LINK to the script #TODO soon
The script was developed to make it easier for developers to prepare server and install CzechIdM. This script replaces tutorials Server preparation and Install CzechIdM.
Make sure that your server is running on CentOS. Otherwise, you need to use a different tutorial.
In the script find the line, where tomcat is downloaded (only wget used there) and change it according to this link.
Connect to your server and then copy your script there.
scp czechidm-install.sh <destination>
We will need to execute this script, so we need our script to be executable:
chmod +x czechidm-install.sh
Before we start actual script it is advised to change the file CentOS-Base.repo.
As root, edit your /etc/yum.repos.d/CentOS-Base.repo file, to the sections [base] and [updates] append a line:
exclude=postgresql*
The script will ask to do so in right after it starts. You can just skip it.
The only thing left is to start the actual script and follow the steps.
/opt/tomcat/current/conf/web.xml
set showServerInfo to false (default is true):<servlet> <servlet-name>default</servlet-name> <servlet-class>org.apache.catalina.servlets.DefaultServlet</servlet-class> <init-param> <param-name>debug</param-name> <param-value>0</param-value> </init-param> <init-param> <param-name>listings</param-name> <param-value>false</param-value> </init-param> <init-param> <param-name>showServerInfo</param-name> <param-value>false</param-value> </init-param> <load-on-startup>1</load-on-startup> </servlet>
Mod_security files locations (on CentOS7):
/var/log/httpd/modsec\_audit.log
/etc/httpd/modsecurity.d/activated\_rules/
/etc/httpd/modsecurity.d/modsecurity\_crs\_10\_config.conf
/etc/httpd/conf.d/ssl.conf
The default set of rules is relatively strict. CzechIdM cannot run with the default configuration of mod_security.

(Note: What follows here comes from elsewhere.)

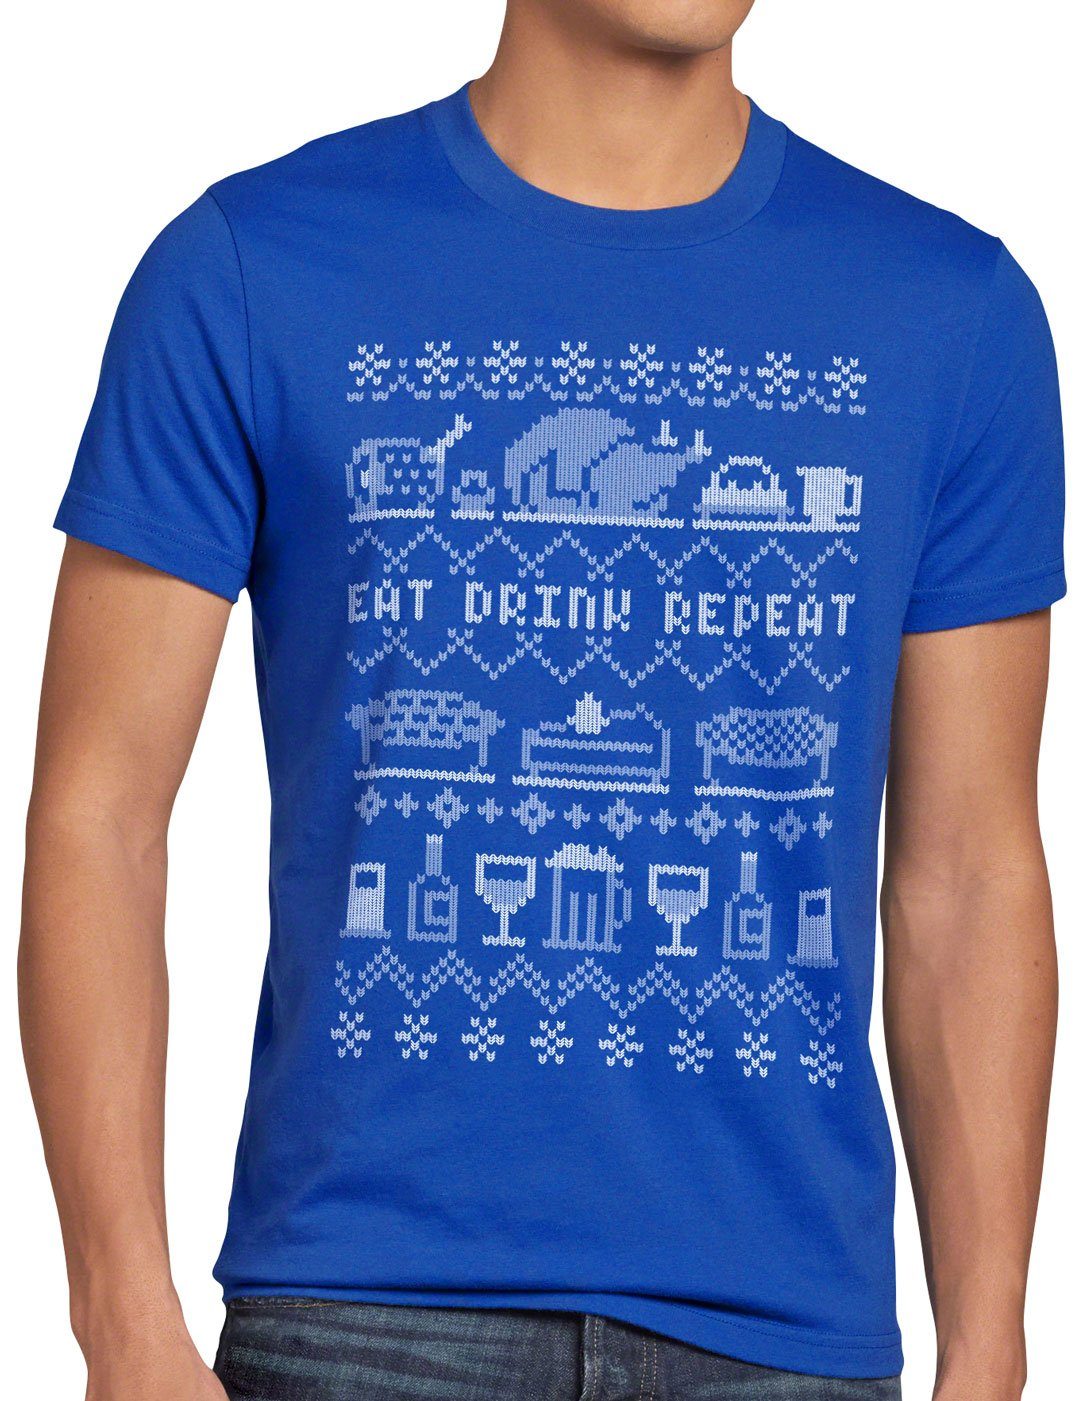 style3 Print-Shirt Herren T-Shirt Eat Drink Repeat Ugly Sweater weihnachtsessen fressen feiertage x-mas pulli blau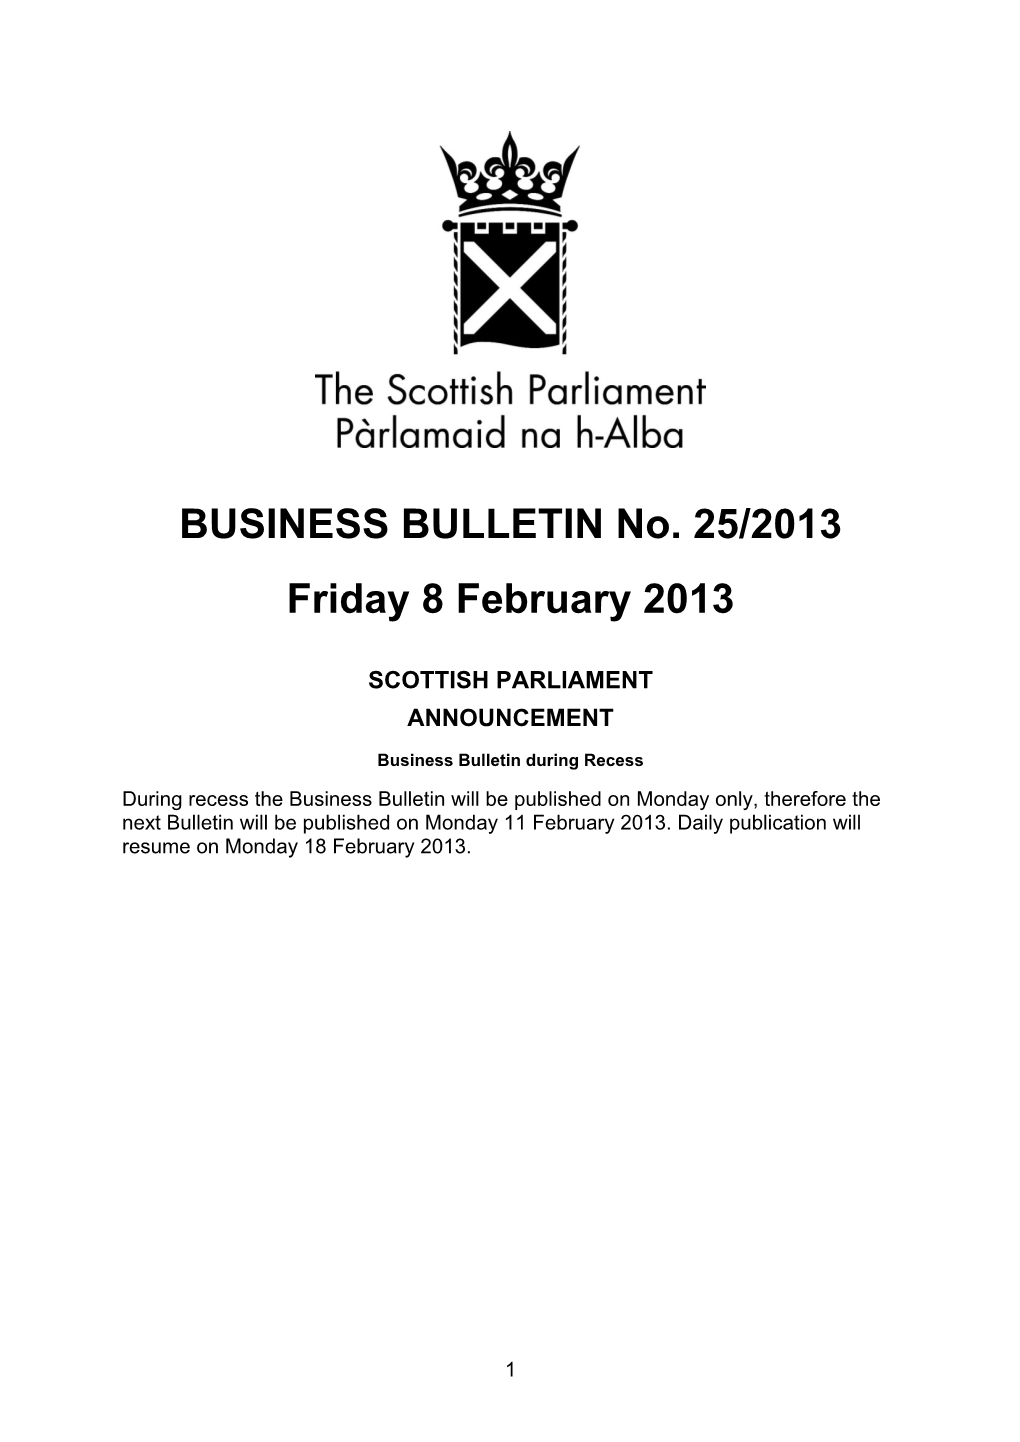 BUSINESS BULLETIN No. 25/2013 Friday 8 February 2013

Each rule is identified by a unique ID. If you want to deactivate the whole rule, it is advised to write the rule ID into ssl.conf like this:
<IfModule mod_security2.c> SecRuleRemoveById RULE_ID </IfModule>
In the file /etc/httpd/modsecurity.d/modsecurity\_crs\_10\_config.conf, find the rule with id=900012 and add support for content\_type=application/json, application/hal+json and text/plain on the line starting with tx.allowed\_request\_content\_type, then allow PUT DELETE and PATCH methods on the line with tx.allowed\_methods. Whole rule after the changes looks like this:
SecAction \ "id:'900012', \ phase:1, \ t:none, \ setvar:'tx.allowed_methods=GET HEAD POST OPTIONS PUT PATCH DELETE', \ setvar:'tx.allowed_request_content_type=application/hal+json|application/json|text/plain|application/x-www-form-urlencoded|multipart/form-data|text/xml|application/xml|application/x-amf', \ setvar:'tx.allowed_http_versions=HTTP/0.9 HTTP/1.0 HTTP/1.1', \ setvar:'tx.restricted_extensions=.asa/ .asax/ .ascx/ .axd/ .backup/ .bak/ .bat/ .cdx/ .cer/ .cfg/ .cmd/ .com/ .config/ .conf/ .cs/ .csproj/ .csr/ .dat/ .db/ .dbf/ .dll/ .dos/ .htr/ .htw/ .ida/ .idc/ .idq/ .inc/ .ini/ .key/ .licx/ .lnk/ .log/ .mdb/ .old/ .pass/ .pdb/ .pol/ .printer/ .pwd/ .resources/ .resx/ .sql/ .sys/ .vb/ .vbs/ .vbproj/ .vsdisco/ .webinfo/ .xsd/ .xsx/', \ setvar:'tx.restricted_headers=/Proxy-Connection/ /Lock-Token/ /Content-Range/ /Translate/ /via/ /if/', \ nolog, \ pass"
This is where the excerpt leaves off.